Innocence Project attorneys were able to review the prosecutor’s files and found that exculpatory evidence had been withheld, which is a violation of due process rights.
We wish we could say these were isolated incidents. And perhaps, given the number of criminal cases, they are. But they are still far too common.
The Innocence Project says there have been 365 DNA exonerations to date, with those released having an average of 14 years  served behind bars. Sadly, 130 of the DNA exonerees were wrongly convicted of murder, and 20 of them served time on death row.
In addition, 69 percent of the cases involved witness misidentification—the kind of facts that Judge Brett Kavanaugh’s critics totally ignored last fall.
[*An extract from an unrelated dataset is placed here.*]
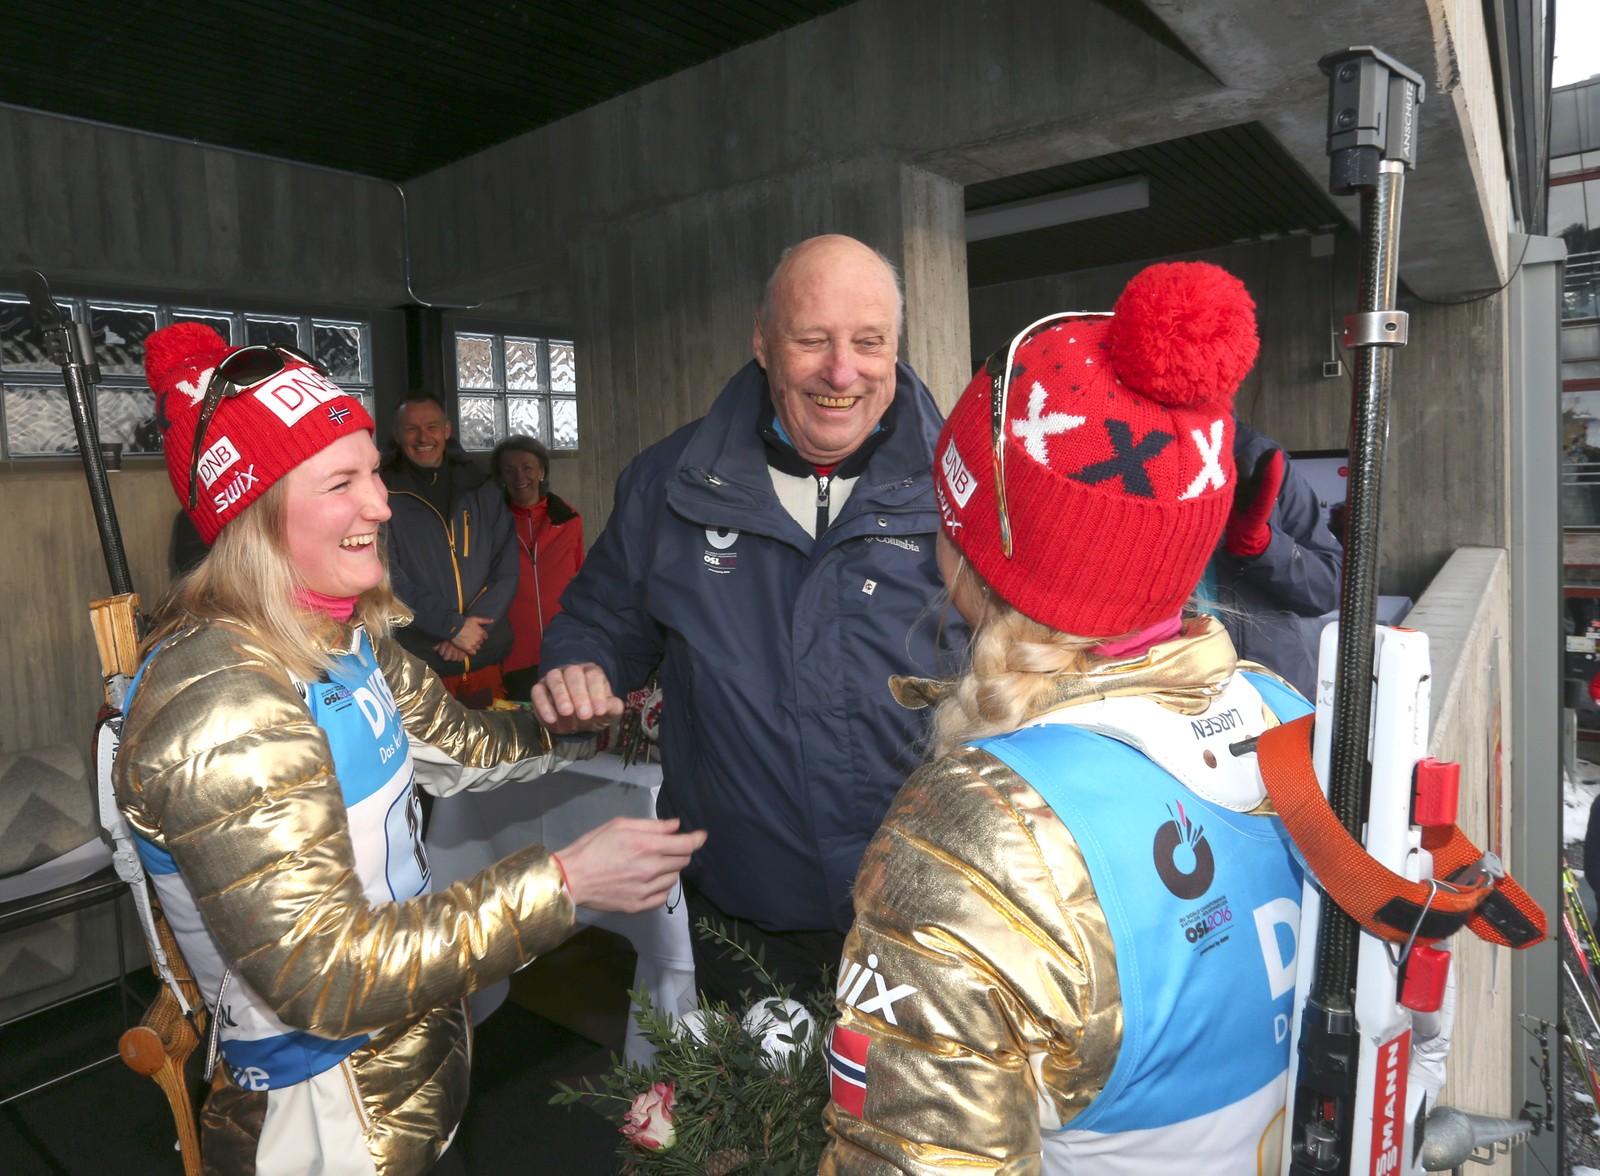 Stafett kvinner VM i skiskyting i Holmenkollen fredag. Kong Harald hilser på Marte Olsbu og Tiril Eckhoff (med ryggen til).

Importantly, while going through the process of clearing the innocent, 160 actual assailants were identified—though not soon enough. The culprits had gone on to commit 152 additional violent crimes, according to the Innocence Project.
Another troubling statistic: 62 percent of the exonerees were black, far above their representation in the population.  Only 7 percent were Hispanic.
One small bright spot, 264 of the DNA exonerees have been compensated for their time spent in prison.  It’s not enough, but it’s something.
There has been a growing movement to reform the criminal justice system, with conservatives playing a leading role. The vast majority of those involved in the criminal justice system—from police to prosecutors to prison officials—are no doubt dedicated civil servants who try to do a good and professional job.
But mistakes can happen and sometimes those in the system break the laws.
The criminal justice system is still part of government, and it needs the same scrutiny that conservatives bring to other government positions. Not only would a better system send fewer innocent people to jail, it might do a better job of capturing the real culprits.